The £129m loan amount is referred to as an investment. Nobody that pays for advertising is ever considered an investor though, they are buying a service and receive none of that payment back. Emirates will not be repaid any of the £150m they have paid to sponsor Arsenal for 5 years (£30m a season). Mike Ashley’s £129m has been used to justify 7 years of publicity so far (£18m a season), will keep him advertising for years to come and we assume will then be paid back to him in full.
Ashley would like us to believe that the quid pro quo element comes from two words, “interst free”.
The board explained that the owner's position is clear and that the Club is not attempting to hide it. To add context, it was explained that the Club's debt cost £8m in interest alone every year before Mike Ashley purchased the club.
This context should not go unquestioned. The club’s figure for interest payments here is exaggerated. Almost every year prior to Ashley’s arrival Interest was payable at £4.5m a year. In the year prior to Ashley’s arrival this grew by £3m to £7.5m. Also, every other billionaire that owns a club that had any debt has not only stopped interest payments, they have converted their loans into equity, effectively wiping out the debt at their clubs. Abramovich at Chelsea (£340m), Mansour at man City (£305m), Al Fayed at Fulham (£212m), Lerner at Villa (£90m), Short at Sunderland (£69m), Leibherr at Southampton (£38m) etc. None of these advertise their other companies for free or hold their loans over the club as a stick to beat them. They write off the loans and maximise the financial performance of the club.

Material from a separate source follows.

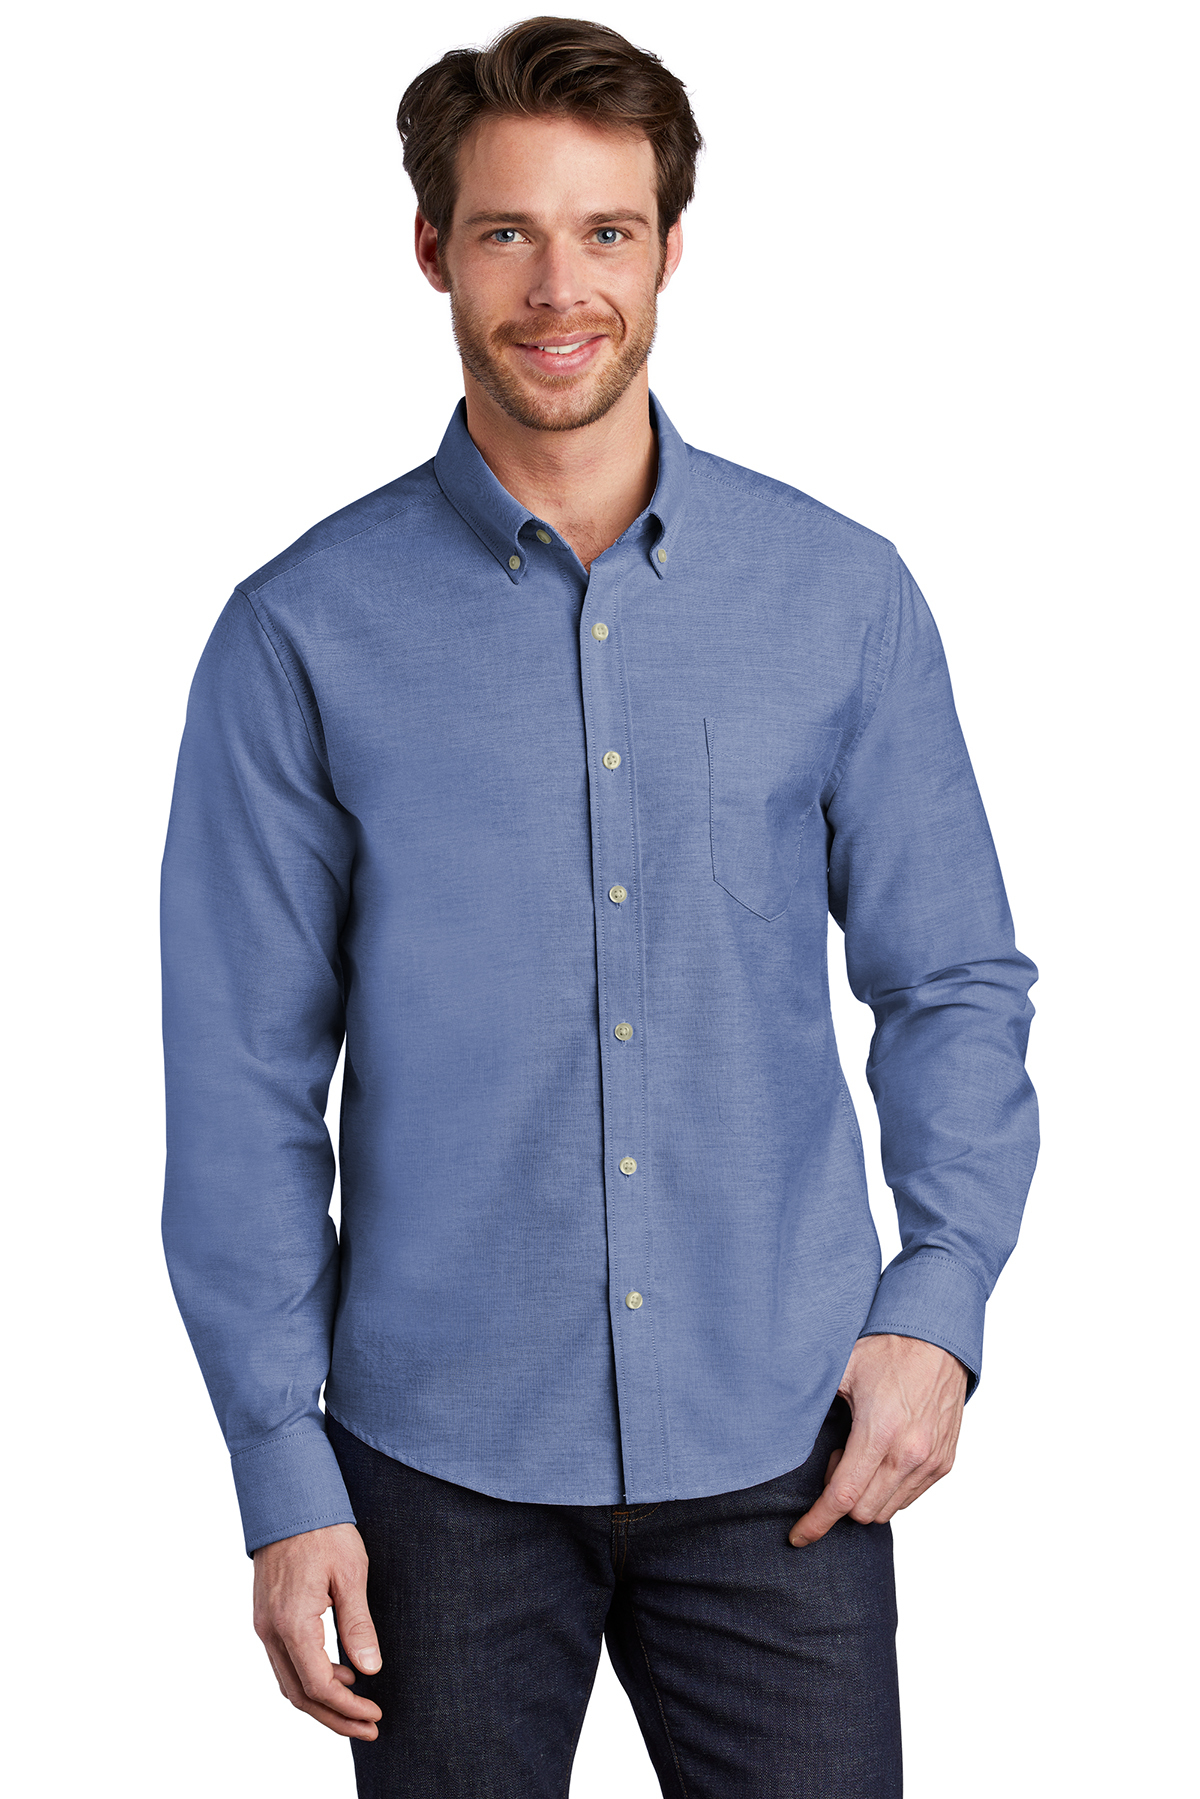 Port Authority Untucked Fit SuperPro Oxford Shirt | Product | SanMar

To give Ashley as much benefit of the doubt as possible, we can accept that interest could be charged, that the club save somewhere between £4.5m and £8m given that it is not. It is also true that the amount is in excess of the income Newcastle could reasonably expect to receive by selling the space to any other company at the moment. Had Newcastle kept up with Spurs and Liverpool these past few years, perhaps we could have attracted larger sums, but what makes Newcastle the host to Sport’s Direct’s parasite is that the club’s association with them, the stadium renaming, relegation, the toxic relationship between owner and fans is what has cheapened the brand to the degree that we now compete financially with Stoke and Southampton rather than Liverpool and Spurs.
The true commercial cost to Newcastle of associating with Sports Direct is seen in the drop in commercial revenue of the club which still shows little possibility of recovering to pre-existing levels any time soon.

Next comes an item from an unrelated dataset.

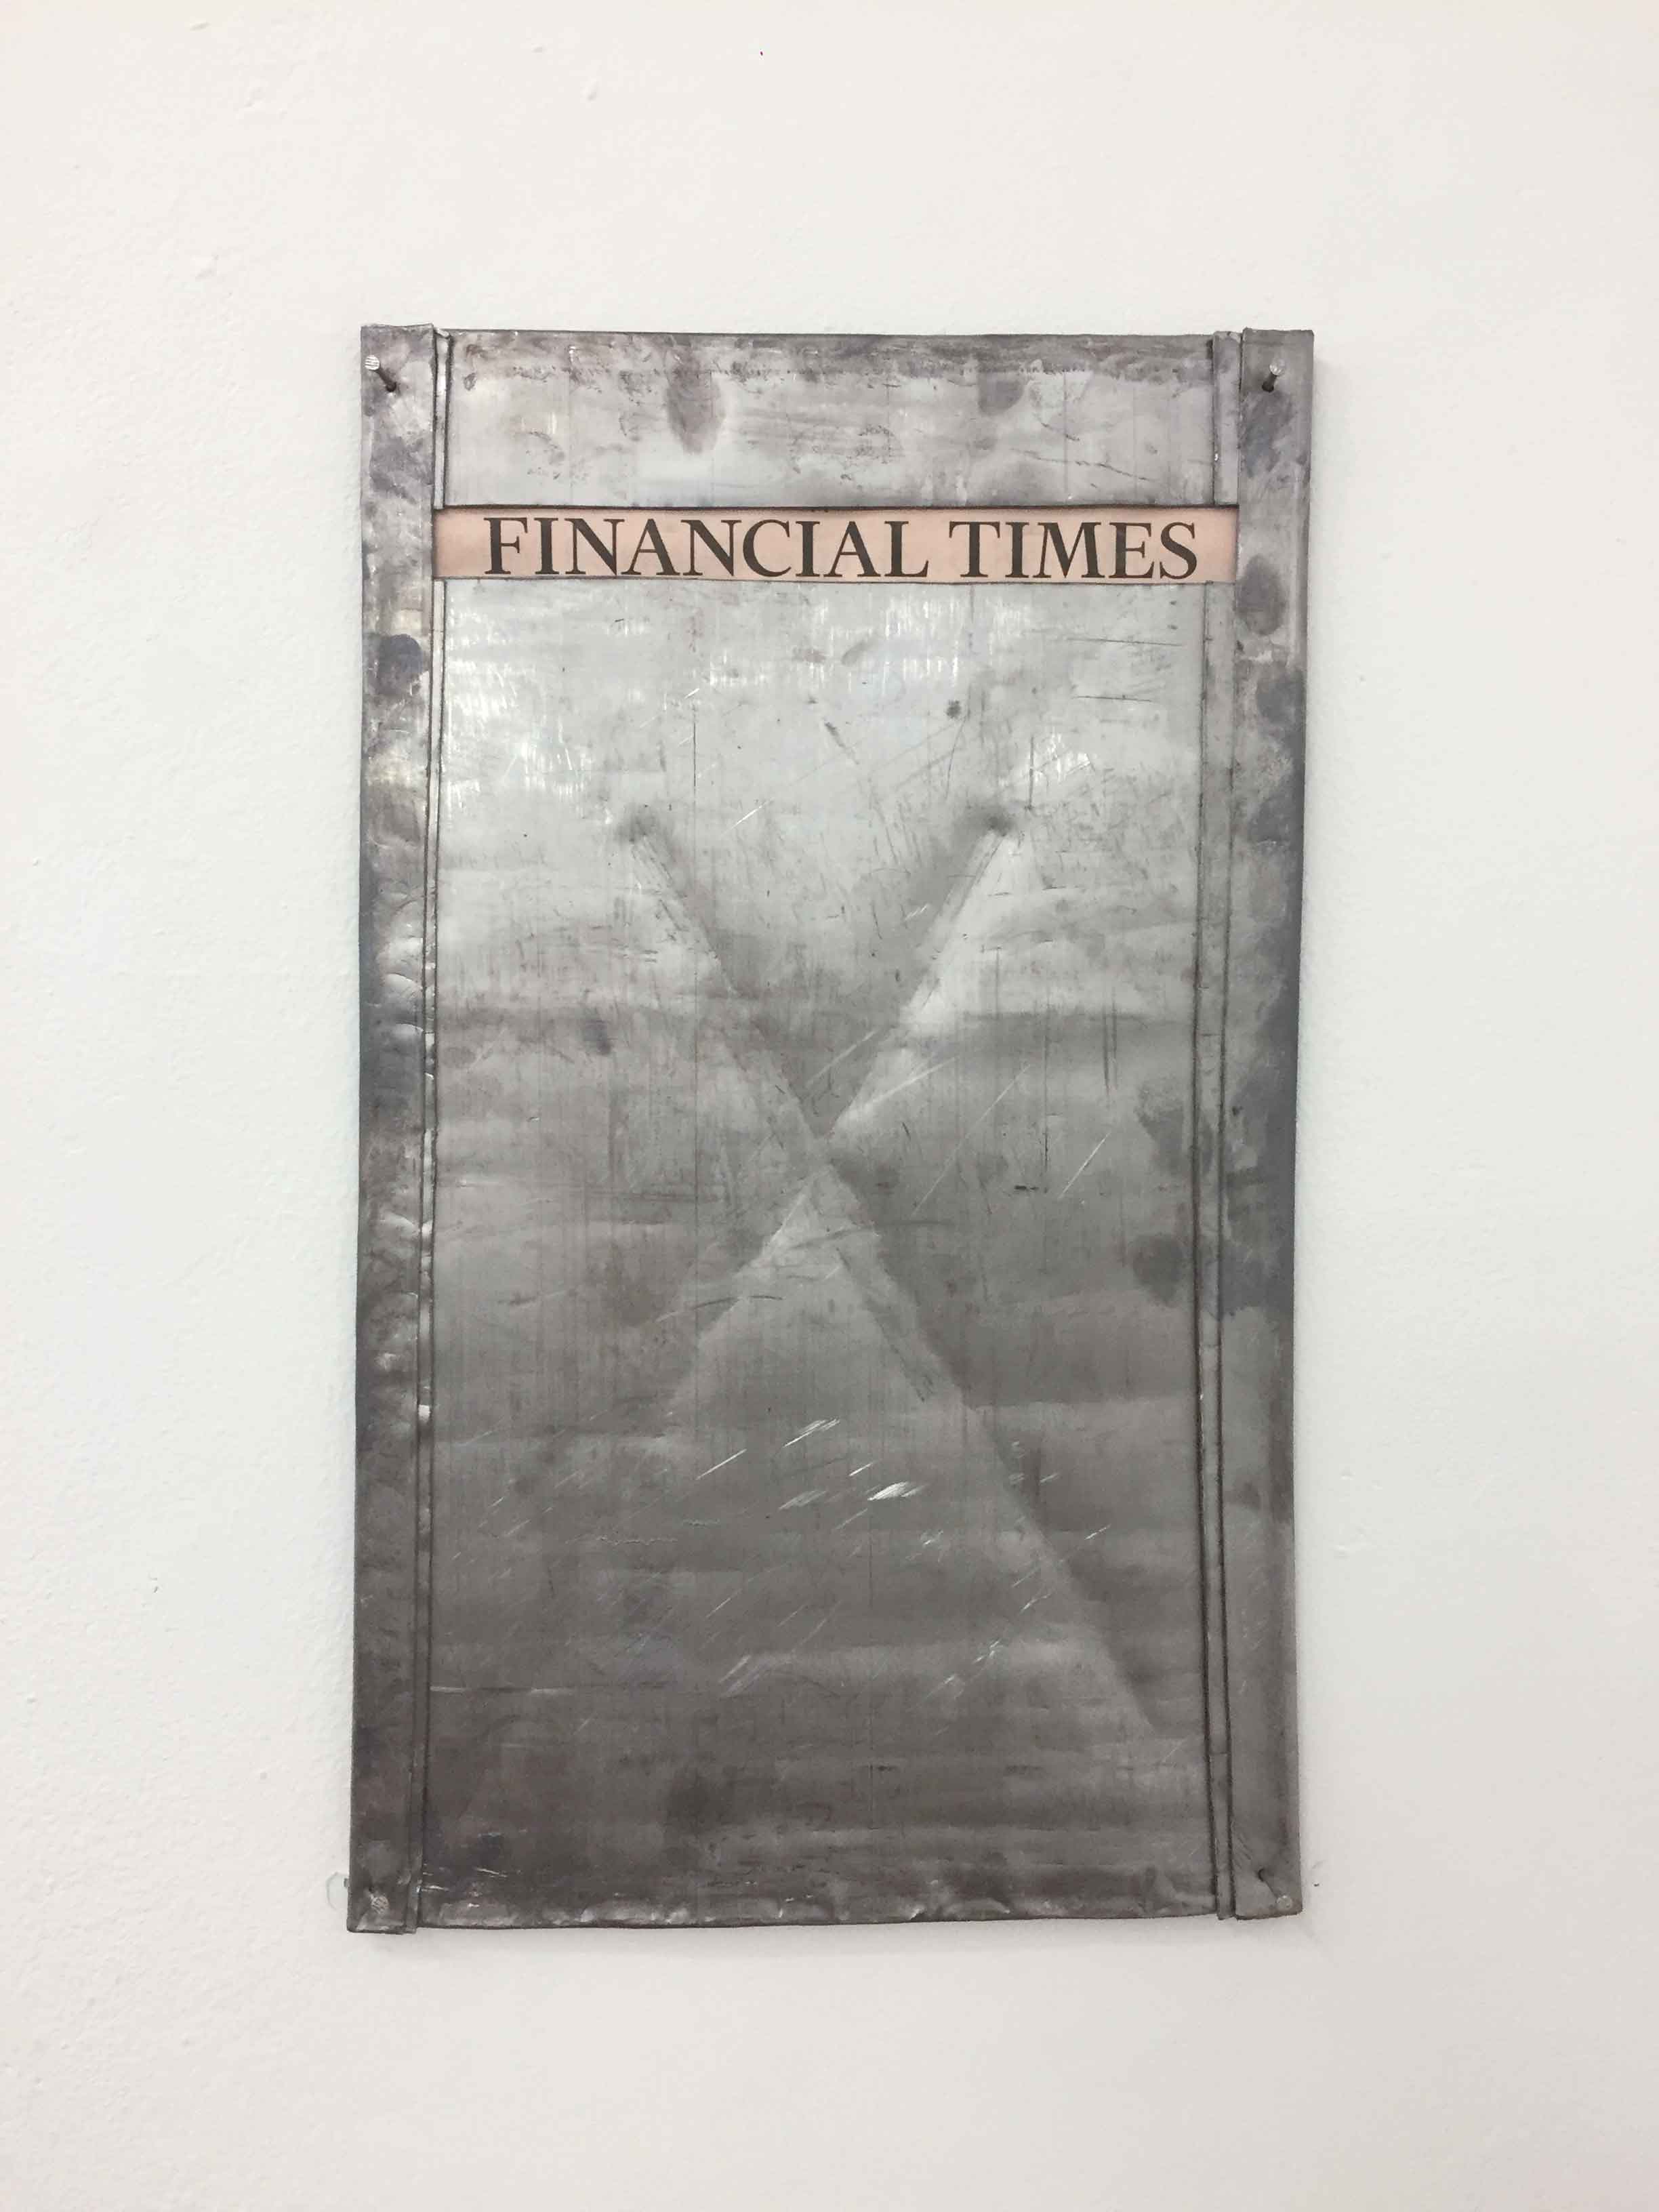 Financial Times of the series Contrato Social

Updated Table for 2014. 2013 figure was £10m less as quoted below.
Current commercial income remains £2m less
£10m every year less than prior to relegation. However the board try to spin the interest free loan, the difference in commercial income received would have covered that interest easily with millions left over spare. It’s this fact that means, even if the interest were the £8m the club claim, we would have had better earnings had we continued to pay that interest and maintained our commercial standing and brand attractiveness in the game. Man U pay £70m a year in interest because they can afford to as a commercial behemoth.
It can also be seen that every other club in the league (relegated no more than once, like NUFC) over Ashley’s time has not just maintained commercial income but grown it. So the recession or factors other clubs deal with cannot be blamed.

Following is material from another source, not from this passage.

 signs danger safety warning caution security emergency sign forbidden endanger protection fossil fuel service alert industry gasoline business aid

Having chased Kevin Keegan out of the club in 2008, Mike Ashley said
Don't get me wrong. I did not buy Newcastle to make money. I bought Newcastle because I love football.
If only it were true. We can see from the football Alan Pardew plays, with Ashley’s blessing, that it’s not the aesthetics of the beautiful game that appeal to him. Ashley loves profit, he has implemented a structure to maximise revenue for Sports Direct at minimum cost for the company and himself. They are a leech on the club sucking the life from it, placing their own global retail ambitions above Newcastle’s ambition for silverware.